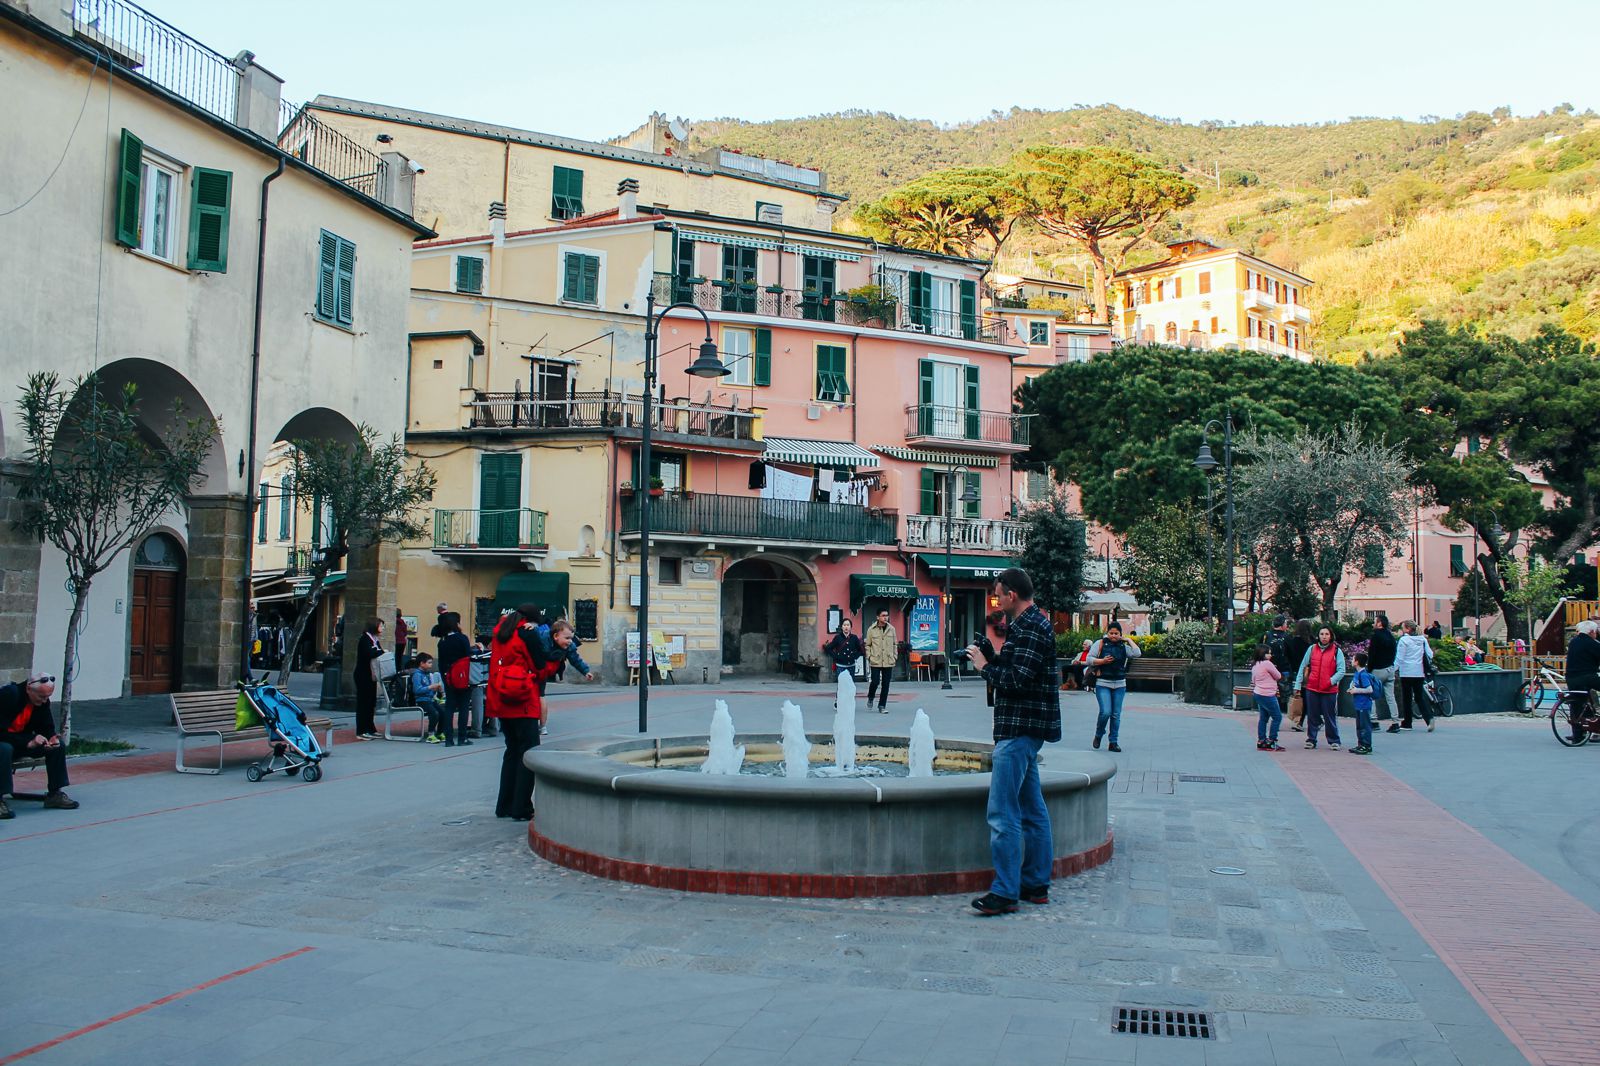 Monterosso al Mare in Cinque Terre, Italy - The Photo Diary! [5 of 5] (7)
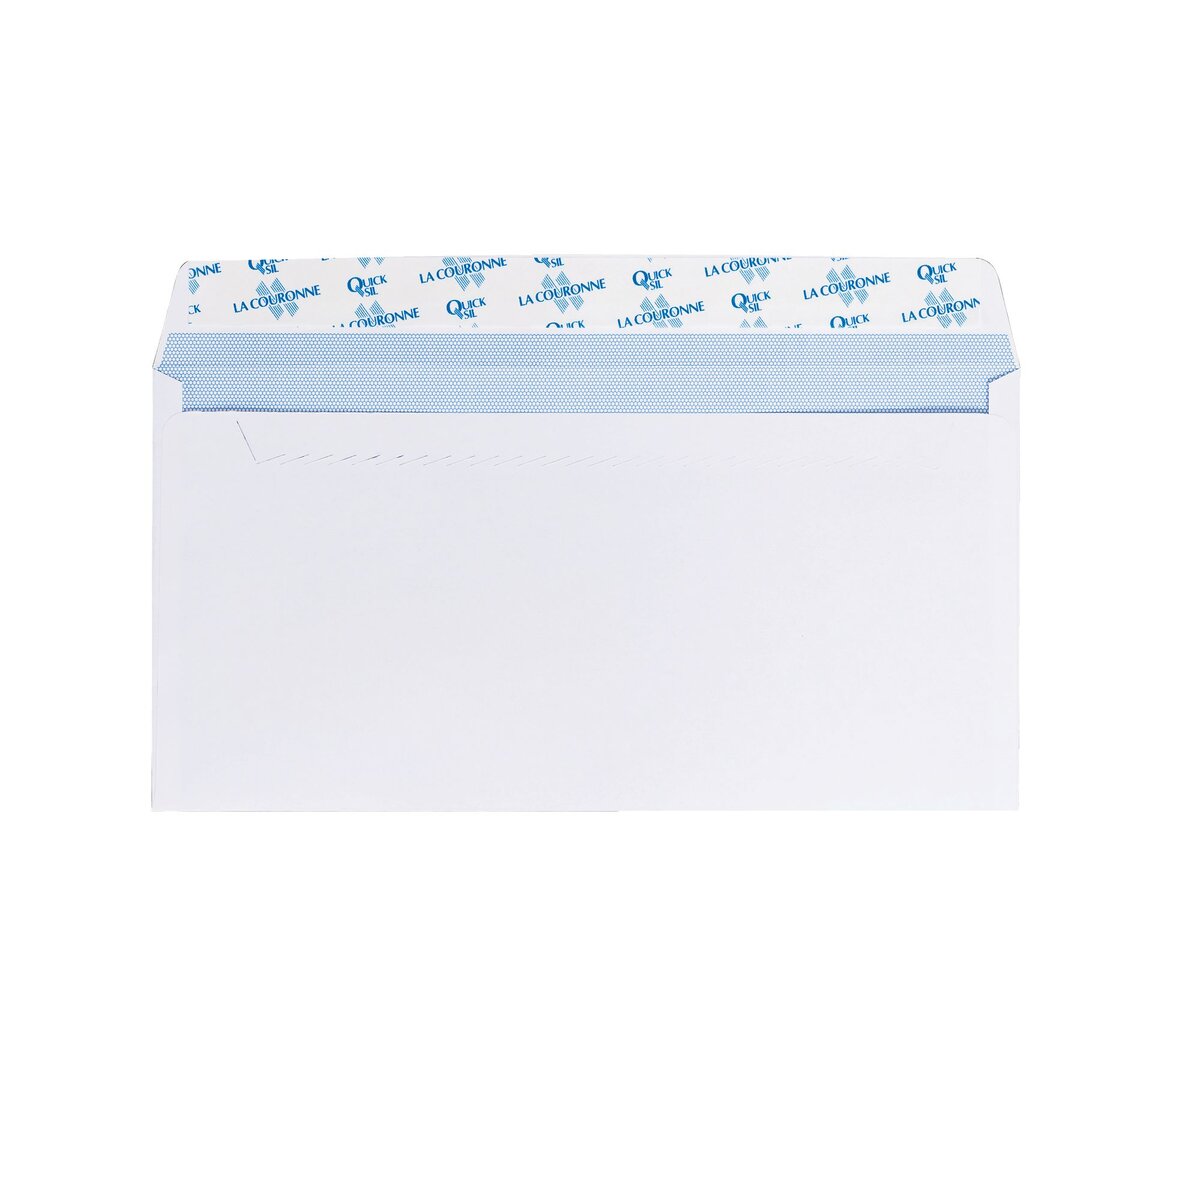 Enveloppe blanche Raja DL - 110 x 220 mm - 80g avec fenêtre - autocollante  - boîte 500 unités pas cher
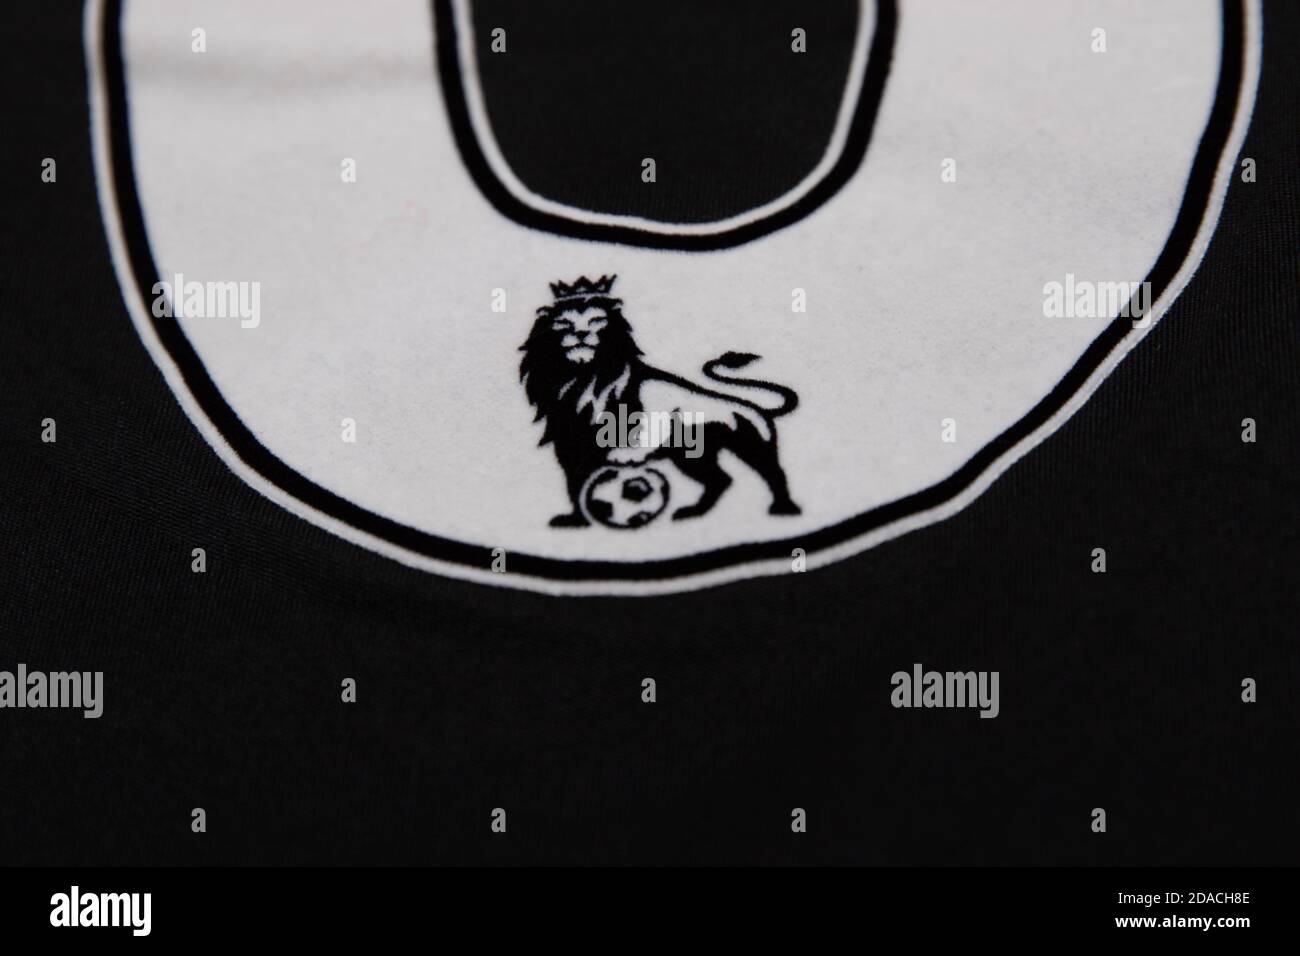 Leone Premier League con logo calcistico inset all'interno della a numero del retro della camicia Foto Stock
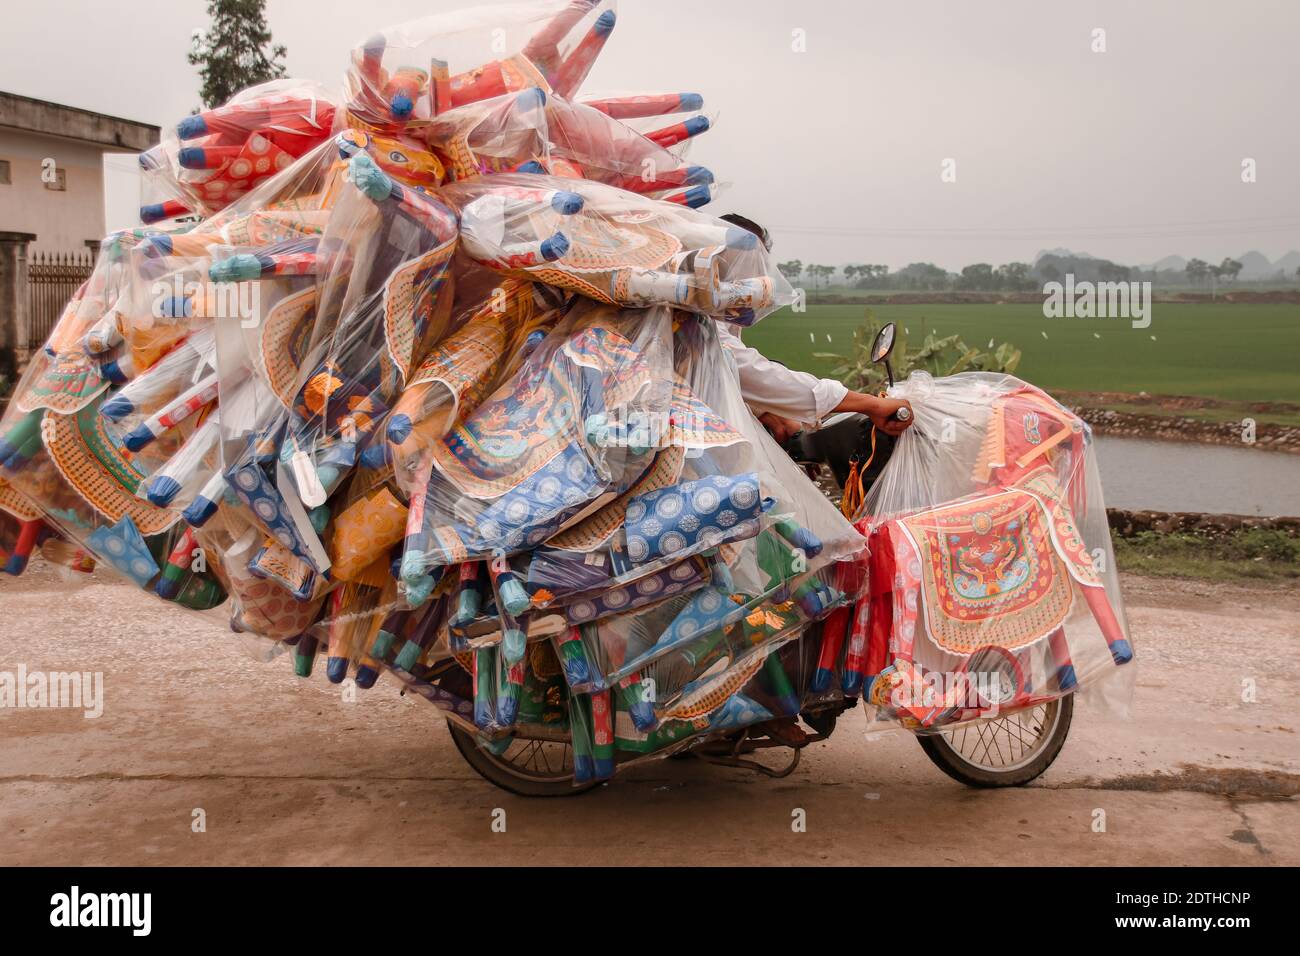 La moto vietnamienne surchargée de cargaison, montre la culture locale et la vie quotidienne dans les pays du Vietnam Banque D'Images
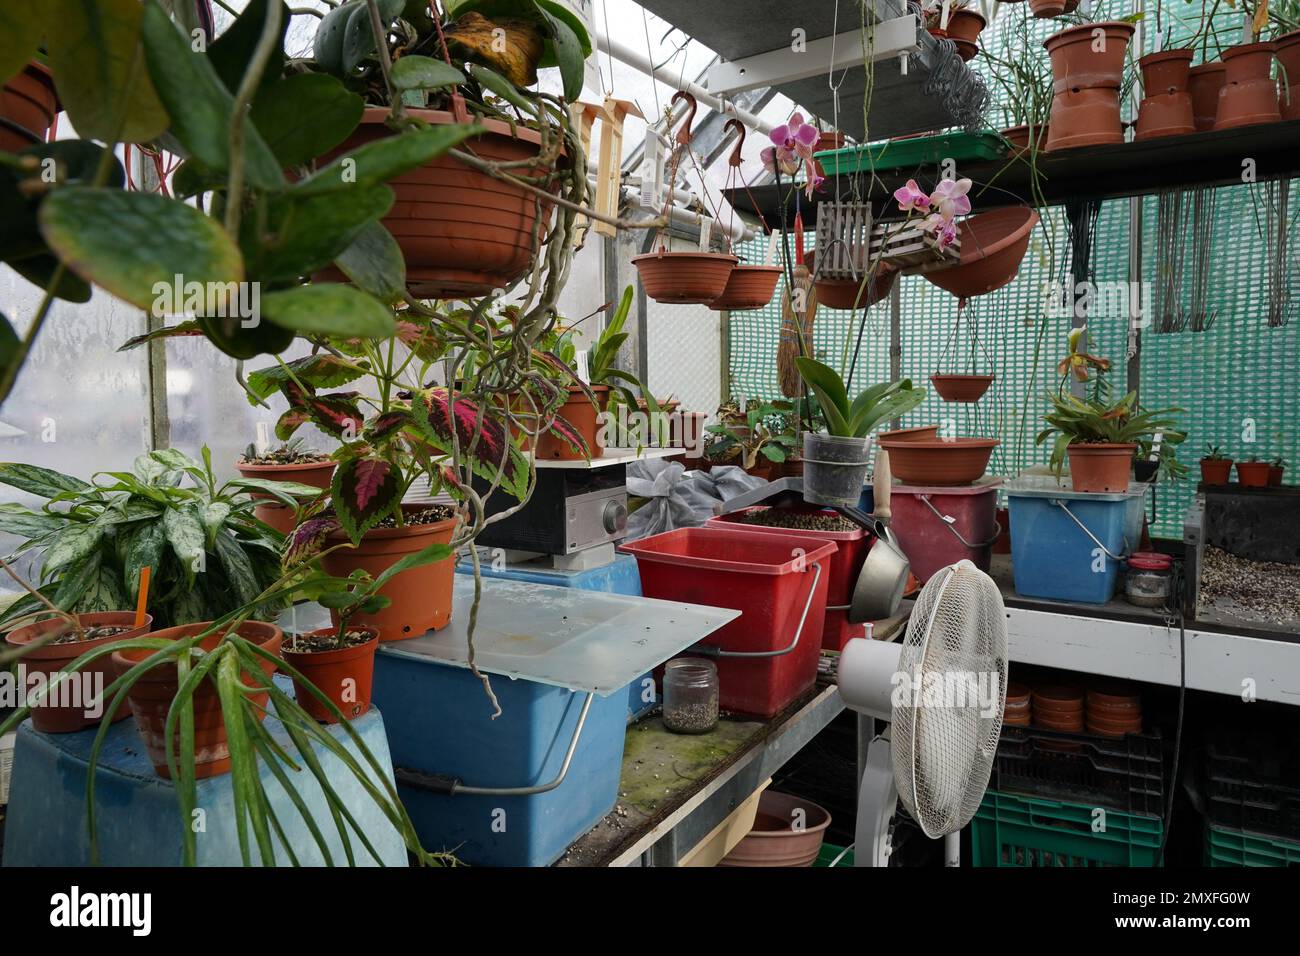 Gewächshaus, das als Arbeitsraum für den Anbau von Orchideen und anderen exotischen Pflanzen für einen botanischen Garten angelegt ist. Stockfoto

Exercise details: Once the pictures are set aside, please reproduce the remaining material word for word.

Solution:
 Monterosso al Mare in Cinque Terre, Italy - The Photo Diary! [5 of 5] (7)
 Enveloppe blanche Raja DL - 110 x 220 mm - 80g avec fenêtre - autocollante  - boîte 500 unités pas cher
 Leone Premier League con logo calcistico inset all'interno della a numero del retro della camicia Foto Stock
 La moto vietnamienne surchargée de cargaison, montre la culture locale et la vie quotidienne dans les pays du Vietnam Banque D'Images
 Gewächshaus, das als Arbeitsraum für den Anbau von Orchideen und anderen exotischen Pflanzen für einen botanischen Garten angelegt ist. Stockfoto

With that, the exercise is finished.